Once the line containing "Experiments in General" is found in the material below, it and every line after it should be transcribed exactly, with pictures left out and nothing added.
(Beginning of EXERCISE DATA)
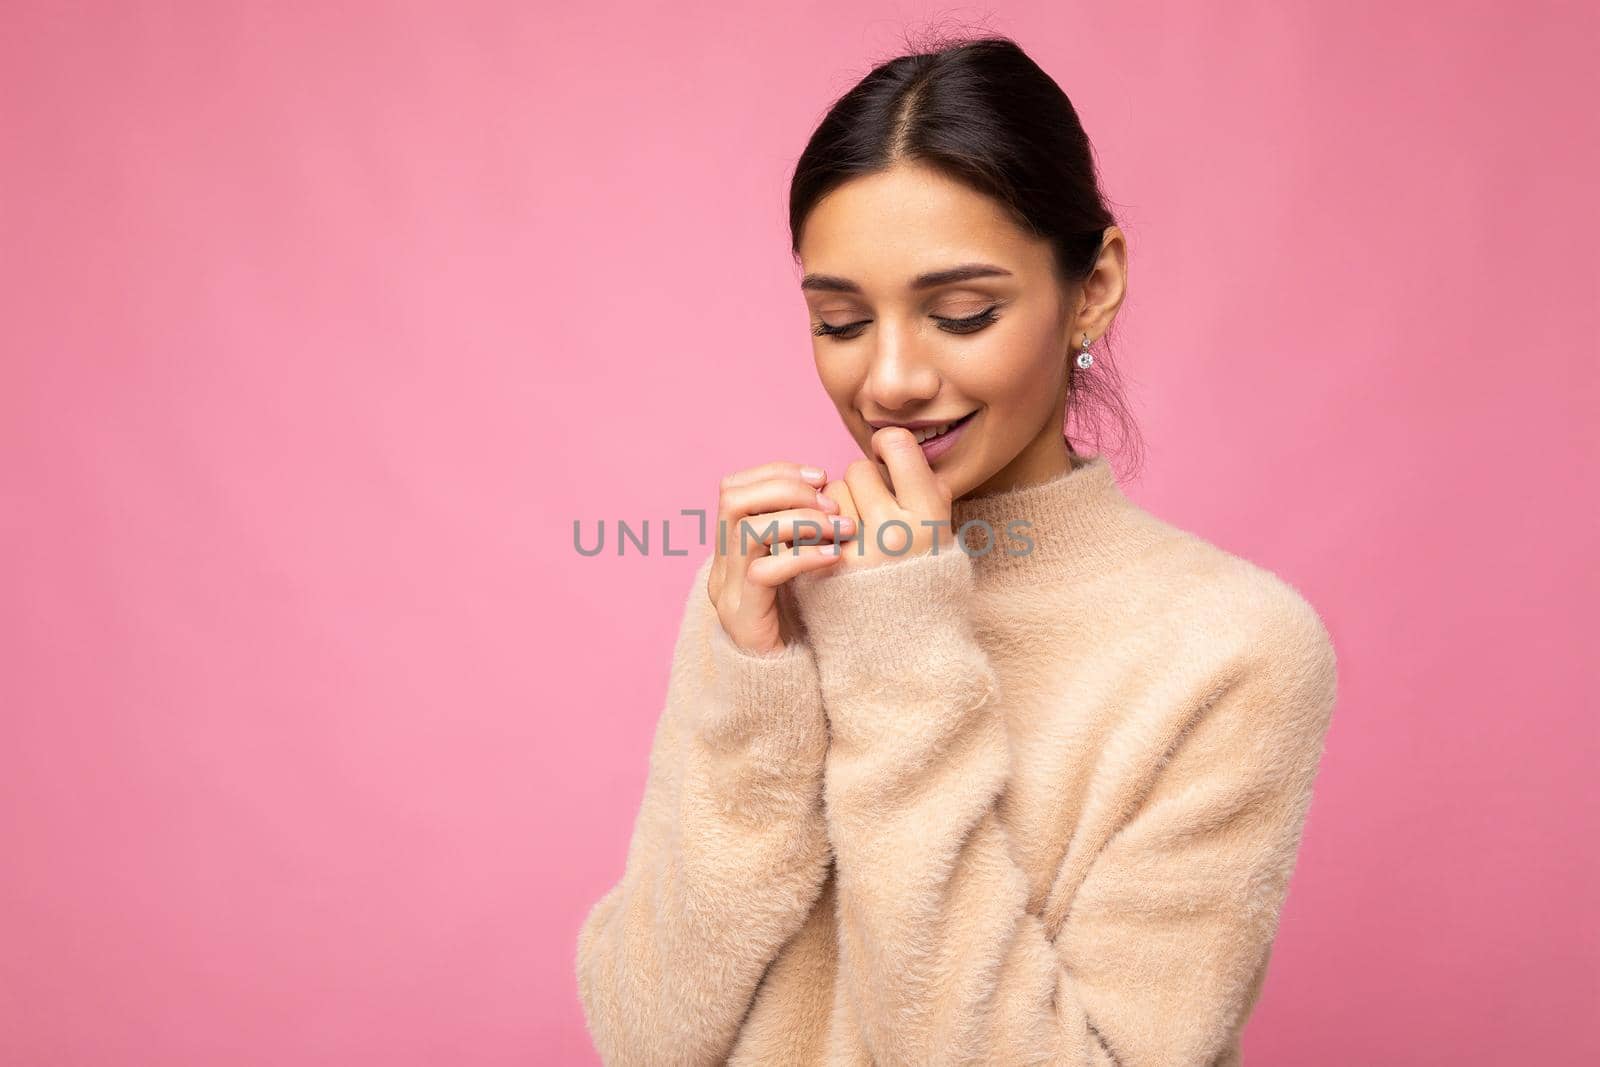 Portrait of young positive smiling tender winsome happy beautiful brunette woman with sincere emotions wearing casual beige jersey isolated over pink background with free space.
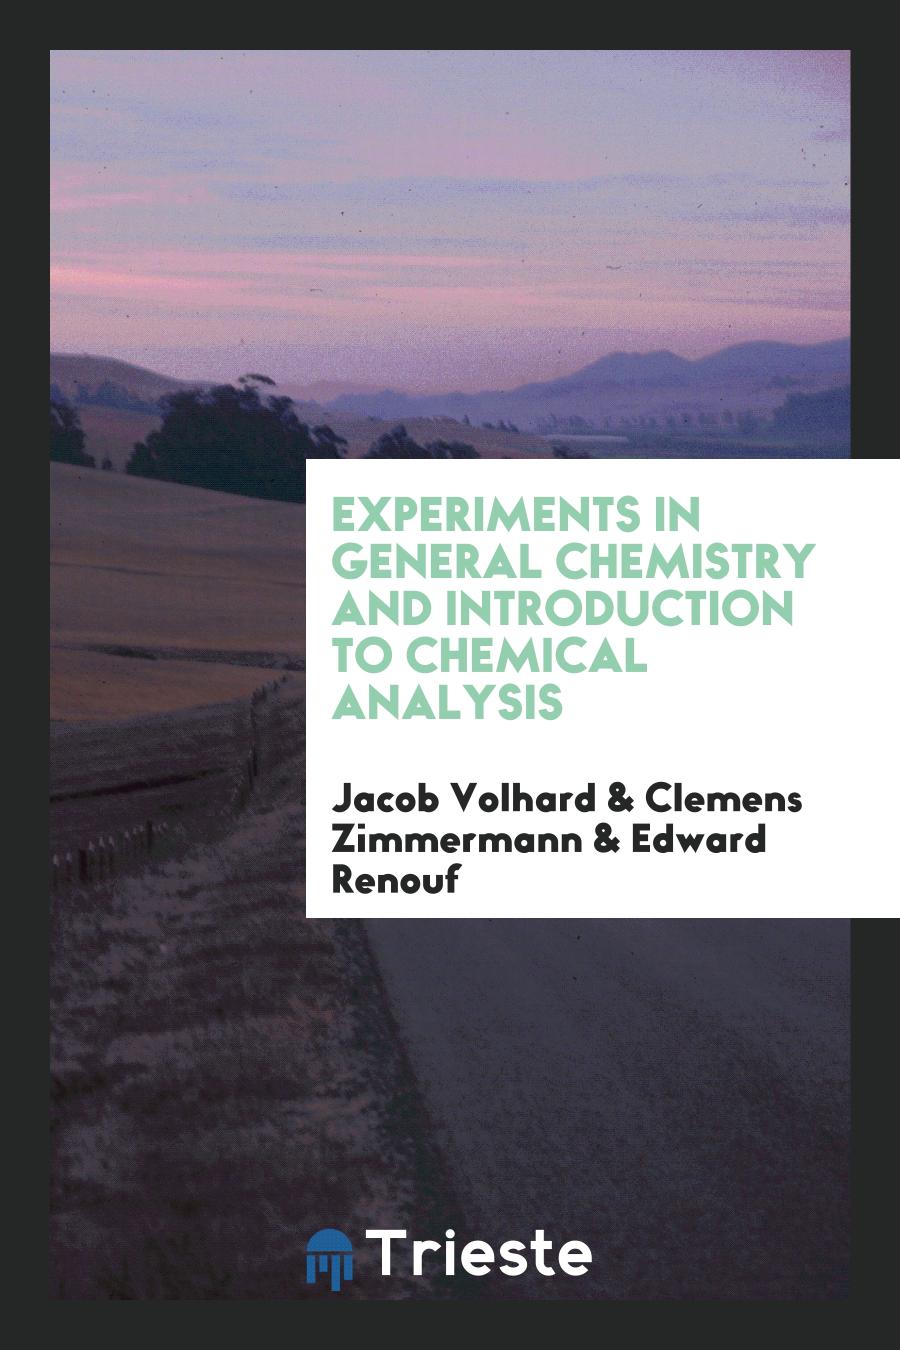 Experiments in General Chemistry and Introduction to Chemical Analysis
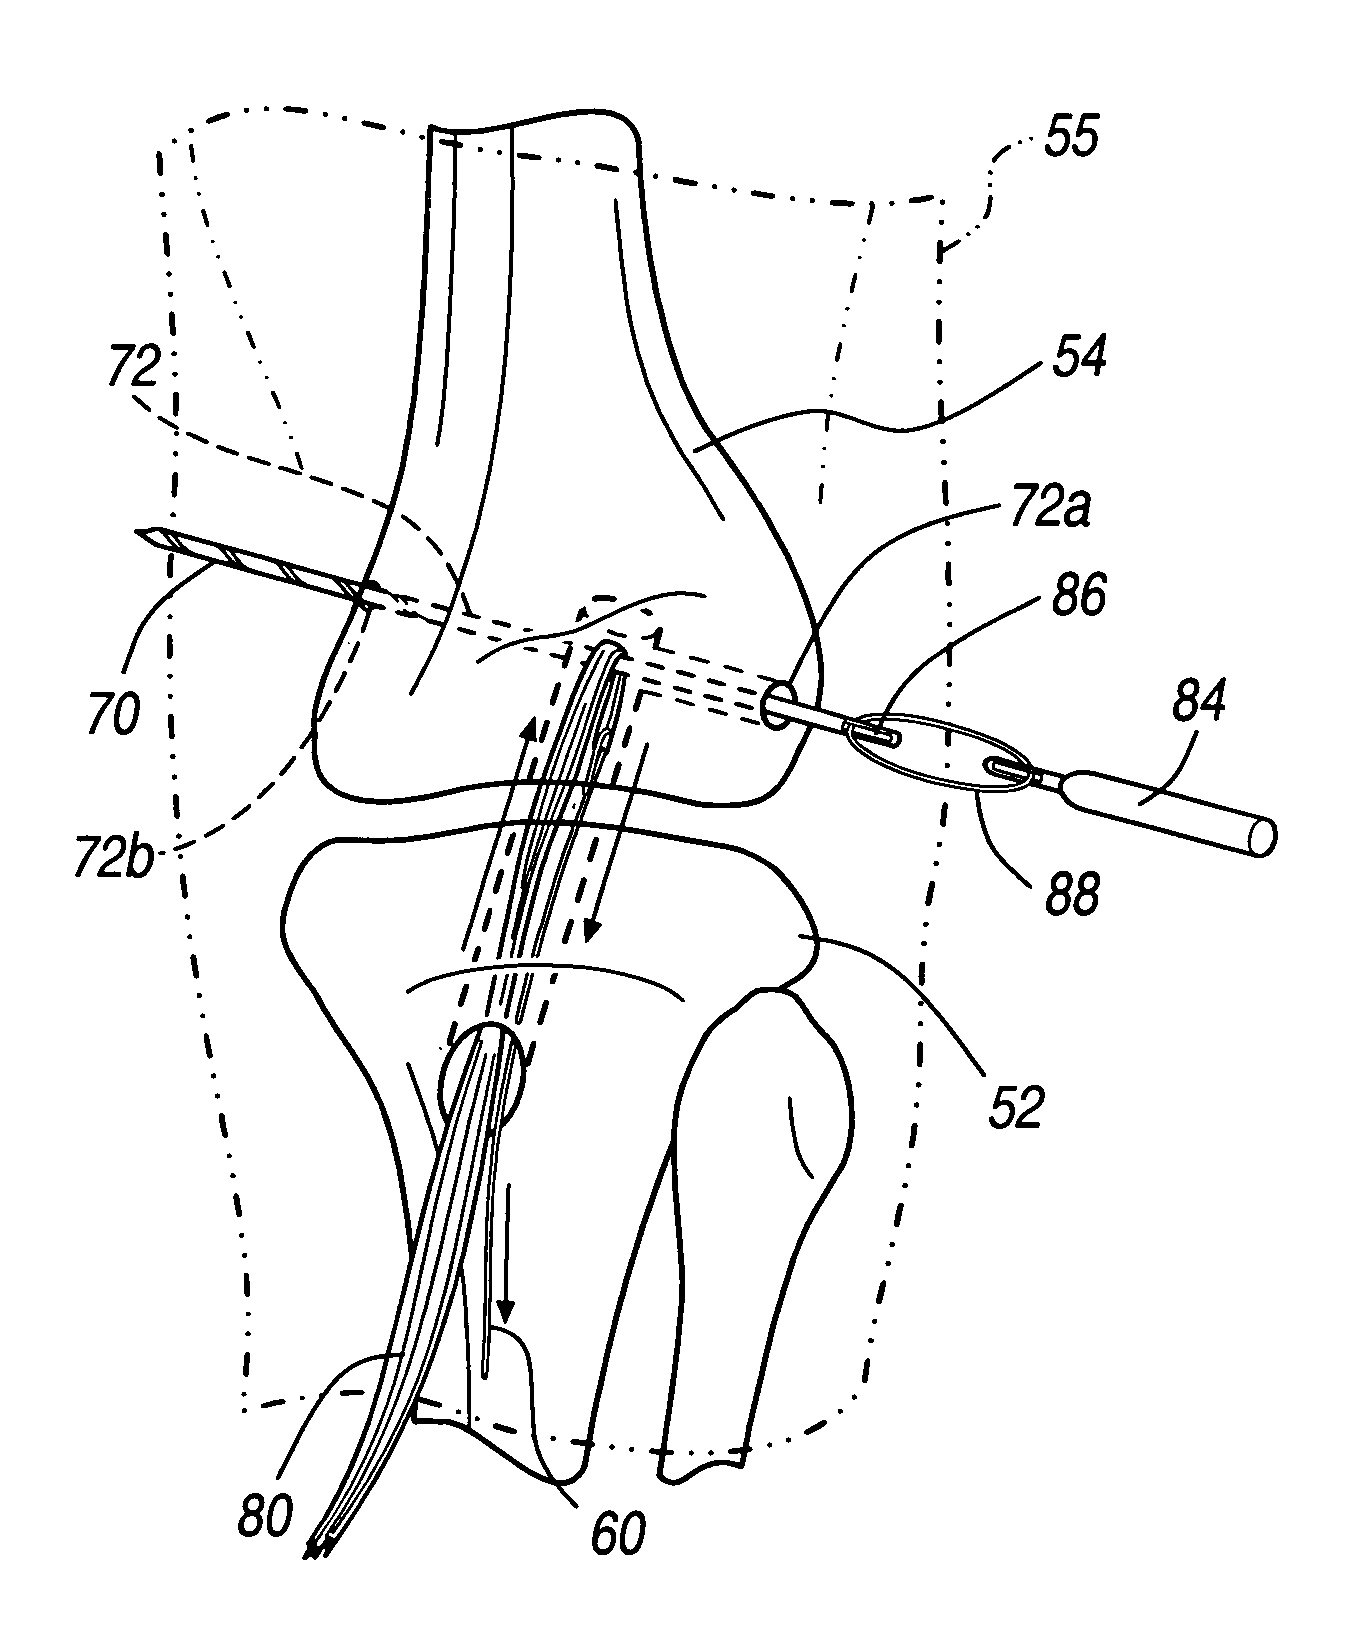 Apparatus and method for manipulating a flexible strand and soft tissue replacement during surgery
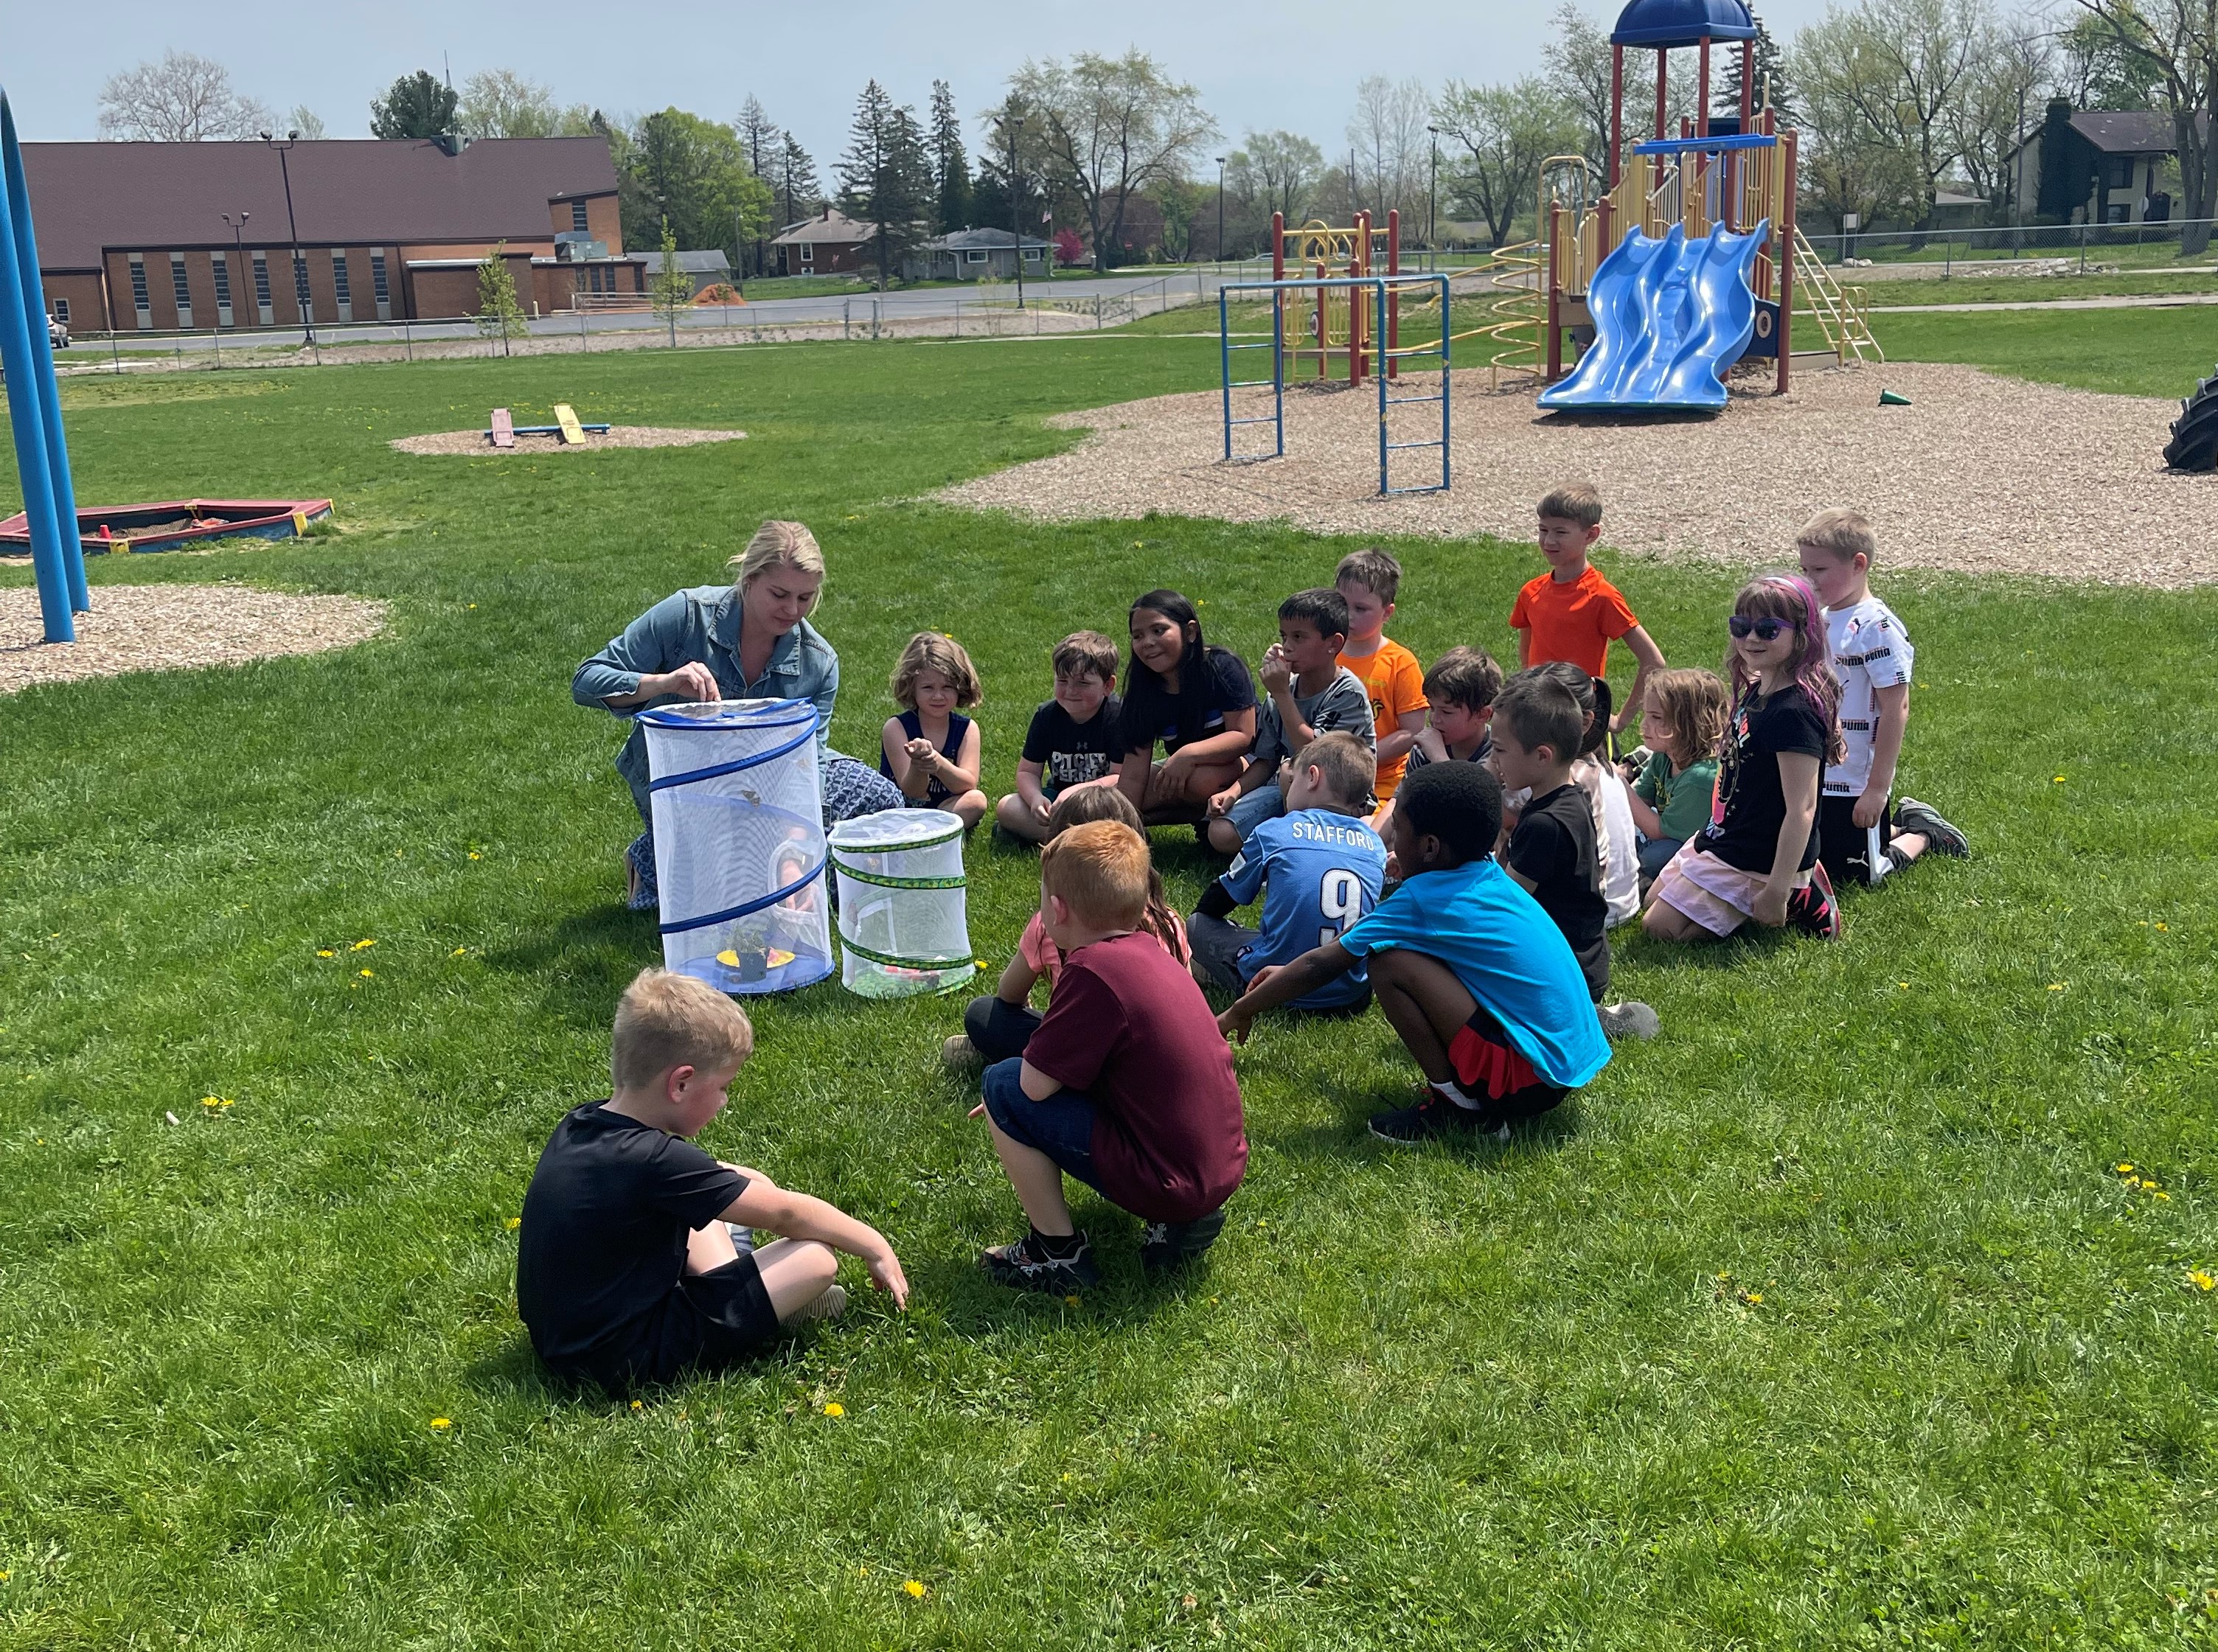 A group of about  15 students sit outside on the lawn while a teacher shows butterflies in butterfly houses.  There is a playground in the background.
(End of EXERCISE DATA)
RESPONSE BOX:
 Experiments in General Chemistry and Introduction to Chemical Analysis
 Apparatus and method for manipulating a flexible strand and soft tissue replacement during surgery
 A group of about  15 students sit outside on the lawn while a teacher shows butterflies in butterfly houses.  There is a playground in the background.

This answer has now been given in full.